REQUIREMENT - A verbatim copy of the whole listing is what is needed.

DATA RECORDS -
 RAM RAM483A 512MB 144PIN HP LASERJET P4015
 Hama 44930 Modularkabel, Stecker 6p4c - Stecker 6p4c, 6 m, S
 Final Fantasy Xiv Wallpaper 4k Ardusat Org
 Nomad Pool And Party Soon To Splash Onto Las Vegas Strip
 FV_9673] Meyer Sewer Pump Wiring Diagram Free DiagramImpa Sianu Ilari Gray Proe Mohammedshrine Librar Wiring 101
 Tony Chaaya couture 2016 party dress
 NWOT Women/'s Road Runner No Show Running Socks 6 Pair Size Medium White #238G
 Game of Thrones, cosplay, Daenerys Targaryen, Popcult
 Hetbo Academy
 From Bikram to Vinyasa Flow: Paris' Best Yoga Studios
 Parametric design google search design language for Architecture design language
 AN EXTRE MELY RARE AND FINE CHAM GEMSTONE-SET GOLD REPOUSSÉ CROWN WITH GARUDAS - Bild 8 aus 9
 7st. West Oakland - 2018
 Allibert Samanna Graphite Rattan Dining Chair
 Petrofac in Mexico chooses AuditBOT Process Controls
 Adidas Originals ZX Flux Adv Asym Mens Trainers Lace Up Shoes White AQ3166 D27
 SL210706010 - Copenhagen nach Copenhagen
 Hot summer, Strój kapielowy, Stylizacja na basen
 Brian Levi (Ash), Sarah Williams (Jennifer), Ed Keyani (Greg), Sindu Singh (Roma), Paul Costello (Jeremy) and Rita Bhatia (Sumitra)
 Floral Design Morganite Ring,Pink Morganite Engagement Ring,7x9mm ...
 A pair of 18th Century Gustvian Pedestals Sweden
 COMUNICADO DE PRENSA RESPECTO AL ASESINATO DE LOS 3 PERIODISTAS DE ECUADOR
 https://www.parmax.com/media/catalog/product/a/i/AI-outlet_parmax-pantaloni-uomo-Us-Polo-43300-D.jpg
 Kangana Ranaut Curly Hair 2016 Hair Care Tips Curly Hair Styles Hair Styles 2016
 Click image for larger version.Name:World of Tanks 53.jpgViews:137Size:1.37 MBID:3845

ANSWER BOX -
 RAM RAM483A 512MB 144PIN HP LASERJET P4015
 Hama 44930 Modularkabel, Stecker 6p4c - Stecker 6p4c, 6 m, S
 Final Fantasy Xiv Wallpaper 4k Ardusat Org
 Nomad Pool And Party Soon To Splash Onto Las Vegas Strip
 FV_9673] Meyer Sewer Pump Wiring Diagram Free DiagramImpa Sianu Ilari Gray Proe Mohammedshrine Librar Wiring 101
 Tony Chaaya couture 2016 party dress
 NWOT Women/'s Road Runner No Show Running Socks 6 Pair Size Medium White #238G
 Game of Thrones, cosplay, Daenerys Targaryen, Popcult
 Hetbo Academy
 From Bikram to Vinyasa Flow: Paris' Best Yoga Studios
 Parametric design google search design language for Architecture design language
 AN EXTRE MELY RARE AND FINE CHAM GEMSTONE-SET GOLD REPOUSSÉ CROWN WITH GARUDAS - Bild 8 aus 9
 7st. West Oakland - 2018
 Allibert Samanna Graphite Rattan Dining Chair
 Petrofac in Mexico chooses AuditBOT Process Controls
 Adidas Originals ZX Flux Adv Asym Mens Trainers Lace Up Shoes White AQ3166 D27
 SL210706010 - Copenhagen nach Copenhagen
 Hot summer, Strój kapielowy, Stylizacja na basen
 Brian Levi (Ash), Sarah Williams (Jennifer), Ed Keyani (Greg), Sindu Singh (Roma), Paul Costello (Jeremy) and Rita Bhatia (Sumitra)
 Floral Design Morganite Ring,Pink Morganite Engagement Ring,7x9mm ...
 A pair of 18th Century Gustvian Pedestals Sweden
 COMUNICADO DE PRENSA RESPECTO AL ASESINATO DE LOS 3 PERIODISTAS DE ECUADOR
 https://www.parmax.com/media/catalog/product/a/i/AI-outlet_parmax-pantaloni-uomo-Us-Polo-43300-D.jpg
 Kangana Ranaut Curly Hair 2016 Hair Care Tips Curly Hair Styles Hair Styles 2016
 Click image for larger version.Name:World of Tanks 53.jpgViews:137Size:1.37 MBID:3845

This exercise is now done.